EP: 1.Overview of Renal Cell Carcinoma
EP: 2.Renal Cell Carcinoma Histology and Risk Stratification
EP: 3.Patient Profile: A 67-Year-Old Man With Metastatic Clear Cell RCC
EP: 4.Front Line Trials in Advanced RCC
EP: 5.Considerations in Advanced RCC Treatment Selection
EP: 6.Advanced RCC Treatment Options Post-Progression
EP: 7.TIVO-3 Trial: Tivozanib for Patients With Advanced RCC
EP: 8.Advanced RCC Treatments Following Prior Immune Checkpoint Inhibitors
EP: 9.Clinical Pearls for Treating Advanced Renal Cell Carcinoma
Transcript:
Benjamin Garmezy, MD: When you think about it, who wouldn’t you give immunotherapy to? It’s those patients who have autoimmune disorders and disorders like that. But even some of those, if it’s a mild psoriasis or a mild rheumatoid arthritis, I’m trying to challenge them with a single-agent immunotherapy with TKI [tyrosine kinase inhibitor] combination. I probably would avoid the doublet immunotherapy combinations in those patients for obvious reasons of concerns about flare-up of autoimmune toxicity. But ultimately, I agree with you, I don’t think there’s a patient for single-agent TKI anymore. You could make an argument for IO [immuno-oncology]–TKI combinations. Some folks might even make an argument for single-agent immunotherapy combinations in patients who have high-risk factors for TKI toxicity, though that’s not as commonplace. If you wanted to, instead of giving a low dose of a TKI or a TKI monotherapy because you didn’t think the patient needed aggressive therapy, you could argue that active surveillance is still an option for some patients with certain biology of clear cell renal cell with very slow progressing tumors instead of single-agent monotherapy TKI, which is unlikely to cure any patient. Right?
Pedro Barata, MD, MSc: Right. It’s funny that you highlight that because I recall that data, as well. I’m thinking about the trial by Dr Rini in Lancet Oncology. The time of initiation of systemic therapy for a selected group of patients was close to a year and a half, which is to your point. There are some cancers and tumors where it’s safe to just check your scans, and those of indolent growth are appropriately considered for active surveillance.
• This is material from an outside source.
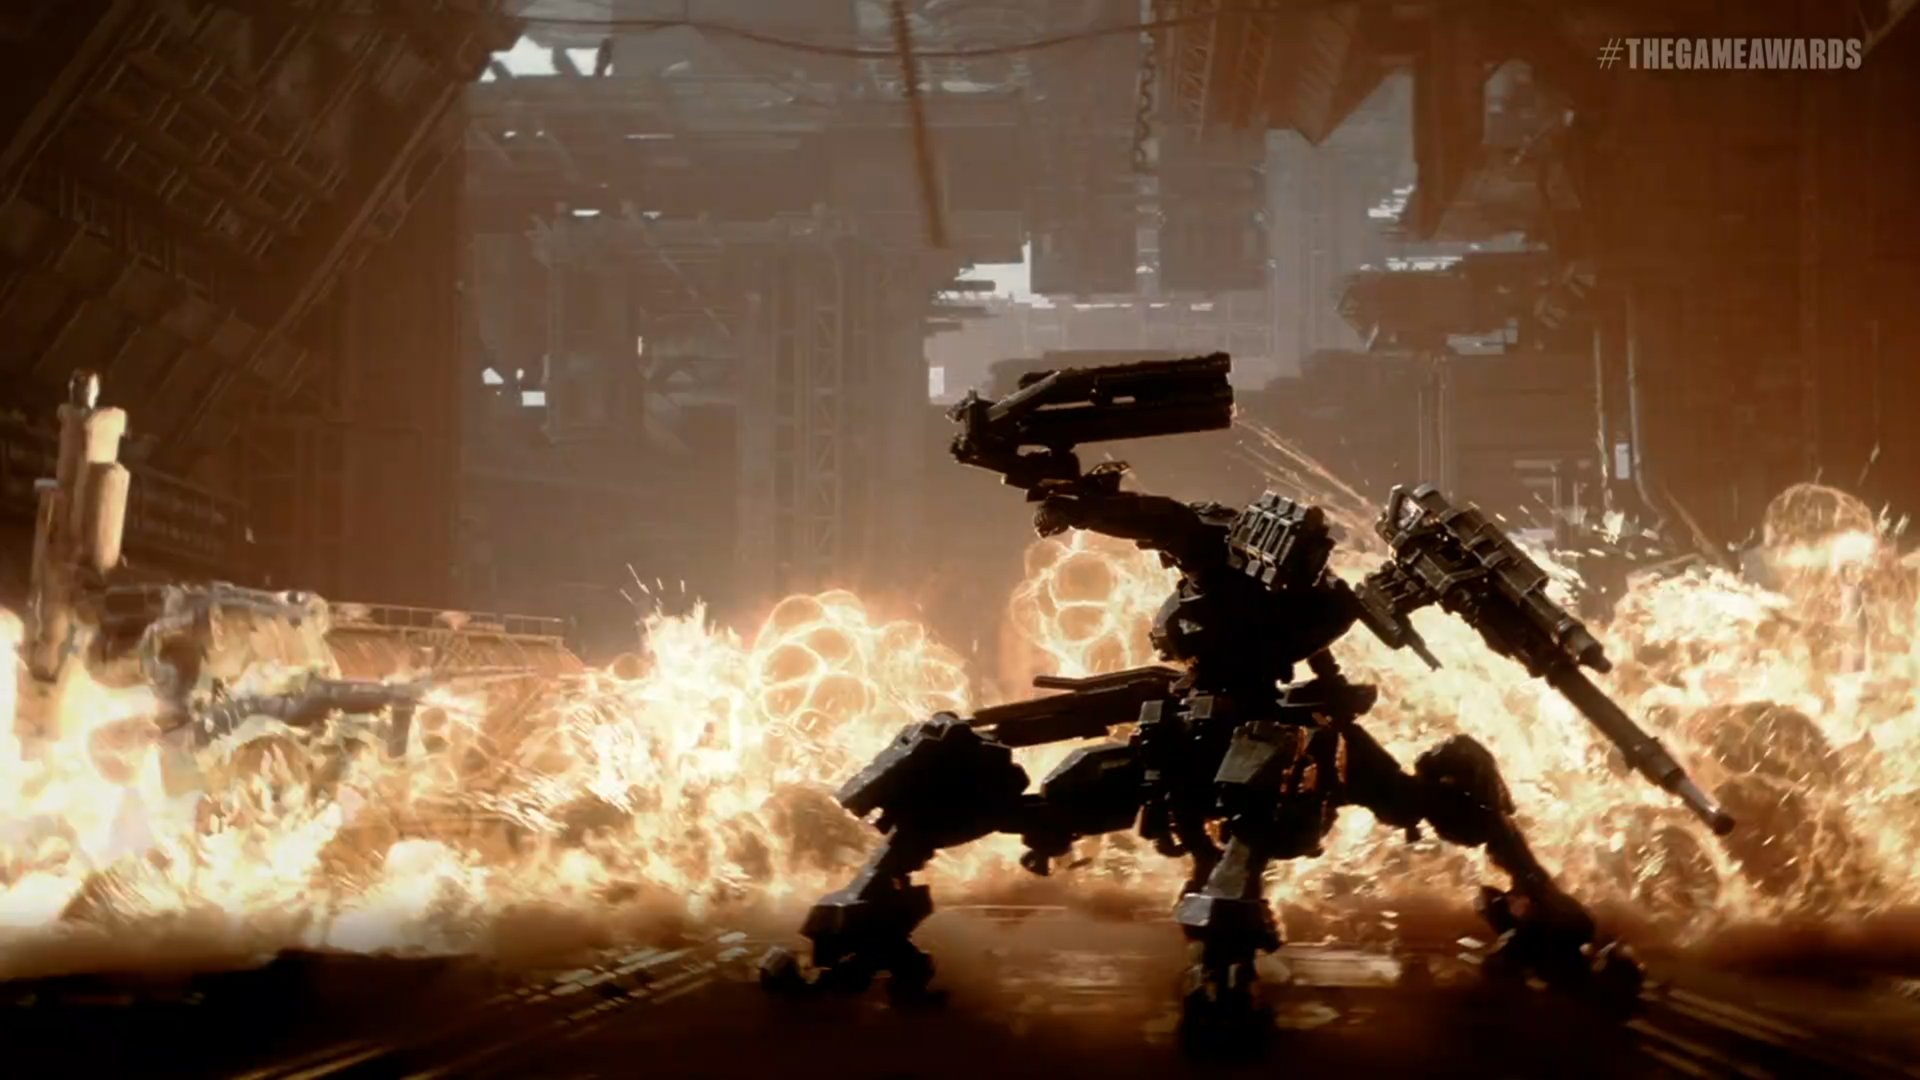 Armored Core VI: Fires Of Rubicon, From Software's Next Game, Gets
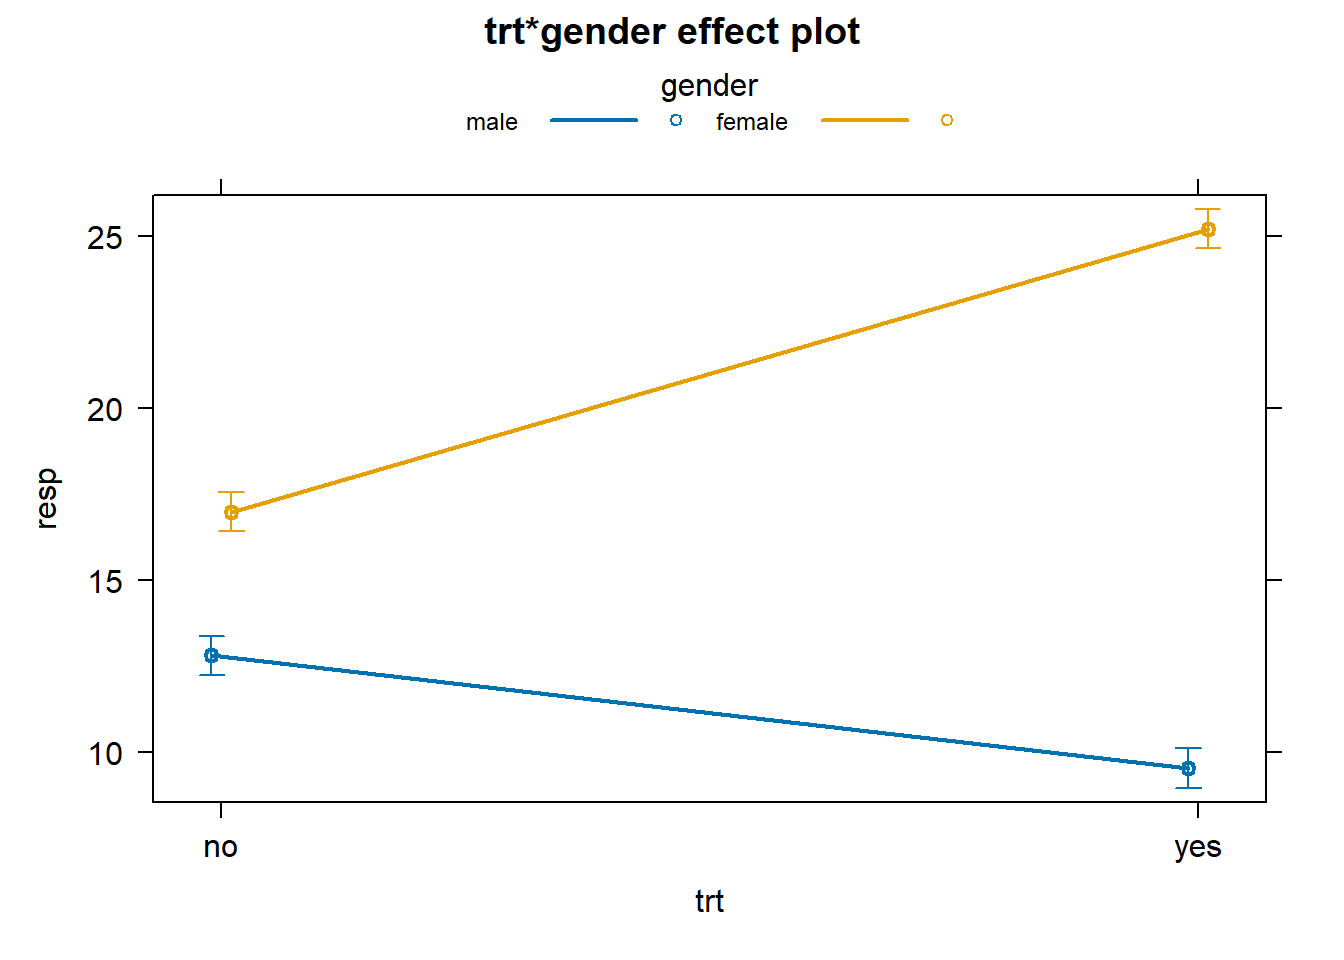 Effect plot of treatment and gender interaction.

I would argue that in my practice, with maybe 1 out of 10 patients, I’m going to end up giving a TKI monotherapy.
The minority are those—in addition to your point where you don’t feel comfortable or don’t think it’s safe to offer an IO approach—I’m thinking about the elderly patient population, those patients who have many comorbidities and whose life expectancy won’t be impacted by kidney cancer. Often, I’ve used this on and off intermittently where I keep them on for a while, you shrink the tumor, and then you stay off, and then until the tumor regrows back to where it was before, you offer them quality of life because some of these TKIs, sunitinib and even pazopanib, can pose adverse effects. I’ve done that strategy. Again, this is for the minority of the patients, but we see those patients, too. It’s not the majority, but they do come [into the clinic] and our goal is to control their cancer while they are dealing with other health-related problems.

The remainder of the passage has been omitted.